We'll explore several use cases where AI, particularly leveraging Intelecy's no-code Industrial AI platform, can drive significant impact. With its intuitive no-code user interface, process and chemical engineers can independently build and operationalize machine learning models without requiring support from IT teams or data scientists. Let’s take a closer look at the potential use cases these models can address.

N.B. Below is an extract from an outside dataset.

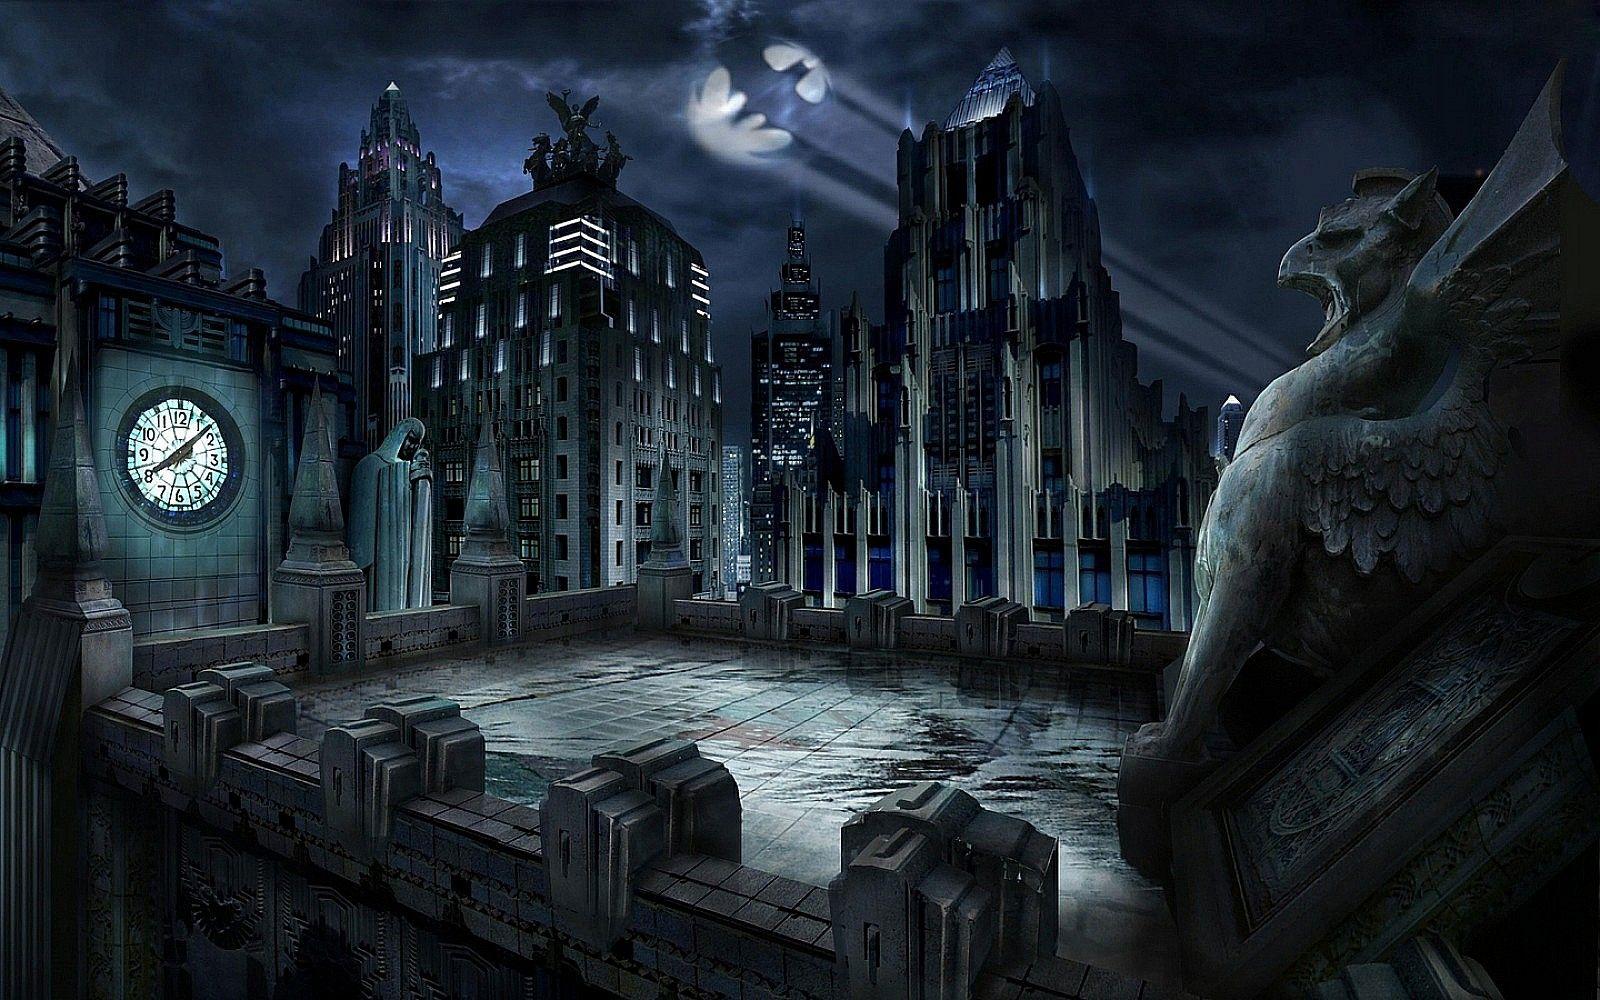 Dark City Movie Wallpapers | WallpapersIn4k net
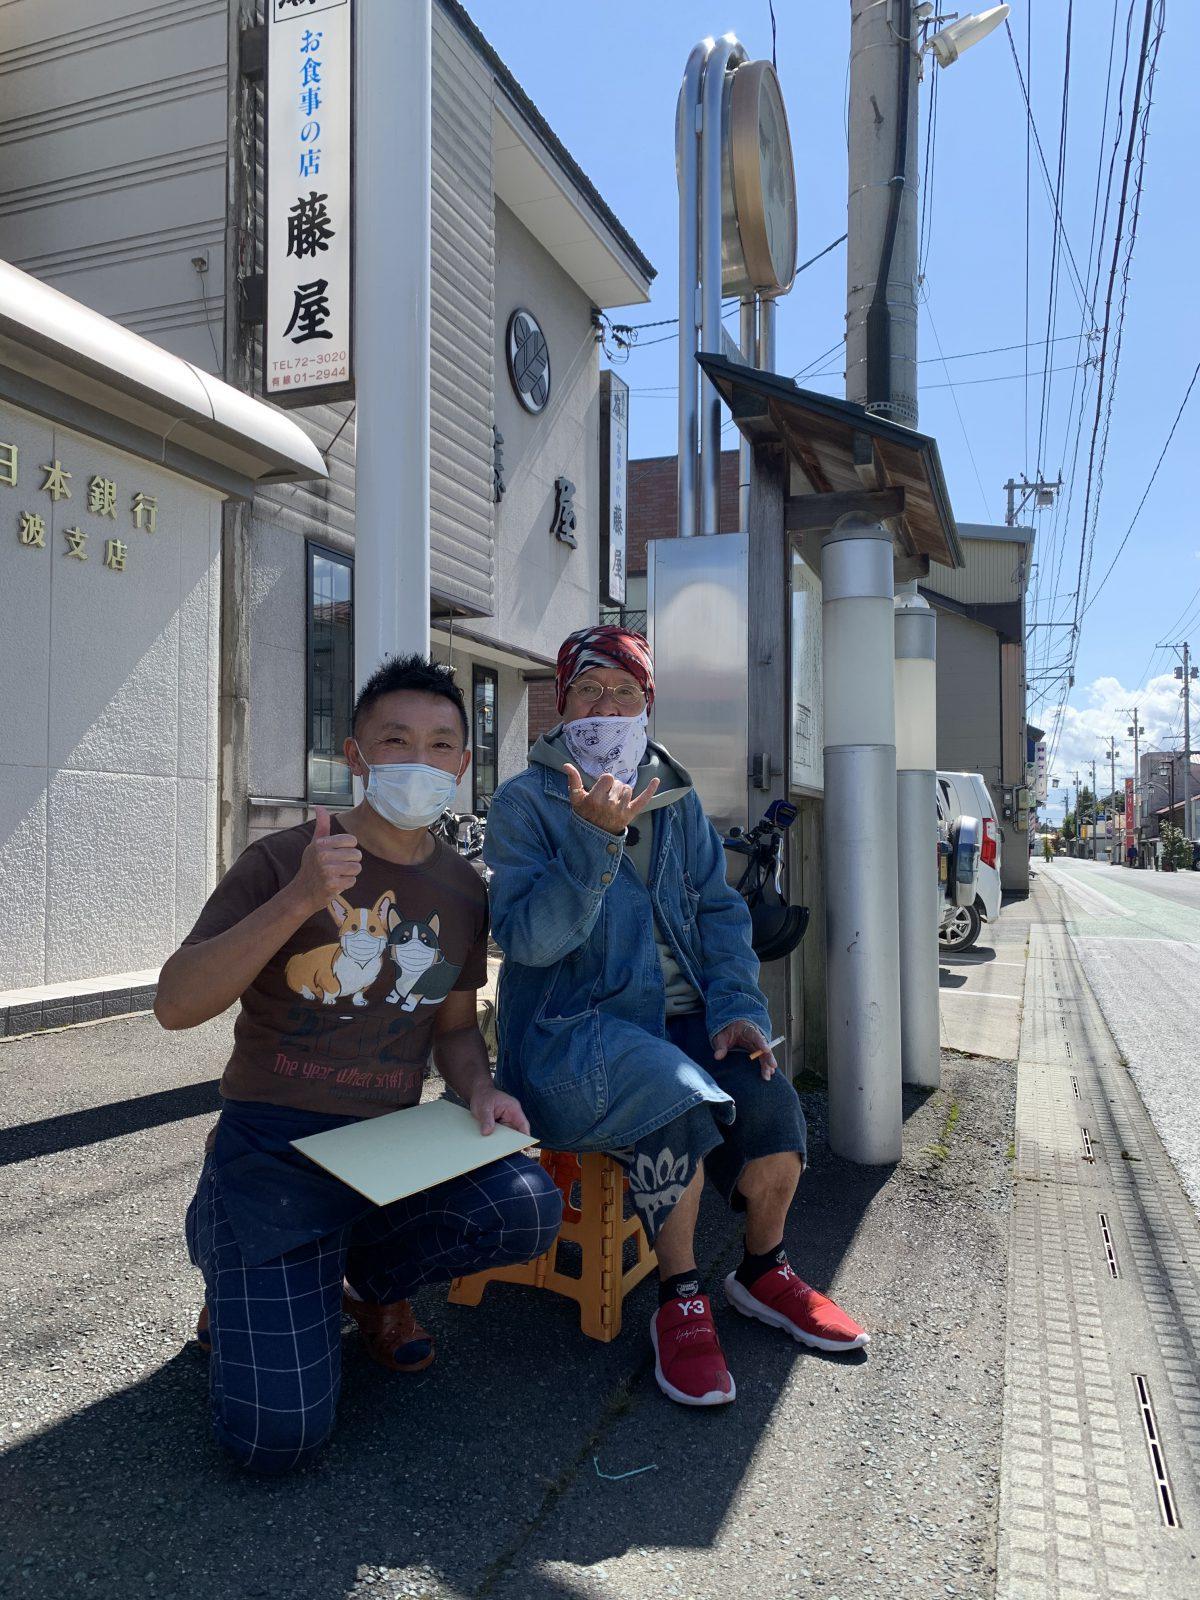 9月28日 火野正平さんが来店🚲✨✨

1. Energy Optimization and Melting Efficiency
Challenge:
Glass furnaces operate at extremely high temperatures to melt raw materials, consuming substantial amounts of energy. Optimizing temperature control, fuel consumption, and raw material feed rates is crucial for consistent melting and energy reduction.
Solution:
The machine learning model monitors furnace temperature, fuel input, and glass composition in real-time. By implementing a closed-loop system, AI predictions can adjust furnace parameters dynamically to ensure consistent melting while reducing energy consumption by 3%. The model can also predict when furnace refractory materials will degrade, allowing for proactive maintenance and minimizing downtime.
Benefits:
- Reduced energy costs
- Improved furnace lifespan
- Enhanced operational efficiency
2. Temperature Control and Product Consistency
Challenge:
Forehearths condition molten glass before it reaches forming equipment. Maintaining a uniform temperature profile along the forehearth is essential to ensure consistent viscosity and prevent defects like bubbles and inclusions.
Solution:
The machine learning model monitors temperatures along the forehearth and dynamically adjusts heating zones to maintain uniform viscosity in the molten glass. This proactive control reduces product defects by 3%, resulting in higher-quality glass products.
Benefits:
- Improved product quality
- Reduced defect rates
- Enhanced process stability
3. Process Optimization and Defect Detection
Challenge:
Individual Section (IS) machines form molten glass into shapes like bottles and jars. Variations in forming parameters such as temperature, pressure, and timing can lead to defects like cracks or uneven thickness.
Solution:
The machine learning model tracks real-time data from IS machines, including mold temperature and pressure. It detects slight variations in forming pressure that could cause thin spots in the glass. By adjusting forming parameters through closed-loop functionalities, the model reduces defect rates by 4% and consequently improves production throughput.
Benefits:
- Increased production efficiency
- Lower defect and rejection rates
- Optimized machine performance
4. Stress Control and Cooling Optimization
Challenge:
The annealing lehr gradually cools glass to relieve internal stresses. Uneven or improper cooling can weaken the glass, leading to increased breakage.
Solution:
The machine learning model analyzes temperature and cooling patterns within the annealing lehr. It detects uneven cooling rates across the width of the glass sheet and adjusts air circulation fans to ensure uniform cooling. This optimization reduces internal stresses and increases product strength by 3%.
Benefits:
- Stronger, more durable glass products
- Reduced breakage rates
- Consistent product quality
5. Raw Material Quality Prediction and Mixing Optimization
Challenge:
The batch house mixes raw materials such as sand, soda ash, and limestone. Variations in raw material quality can affect glass composition, leading to waste and inconsistent products.
Solution:
The machine learning model monitors raw material quality parameters like sand grain size and purity. It adjusts mixing ratios in real-time to maintain the desired glass composition. This results in a 3% reduction in material waste and improves the consistency of the glass batch, reducing the number of rejected products.
Benefits:
- Reduced material waste
- Consistent glass composition
- Lower production costs
Conclusion: Embracing the Future with AI
The integration of AI into the glass industry is more than a technological upgrade; it's a strategic move towards increased efficiency, quality, and sustainability. From energy optimization to defect detection, AI can provide insights and automation at every stage of glass production. The result is a more agile, competitive, and environmentally friendly industry.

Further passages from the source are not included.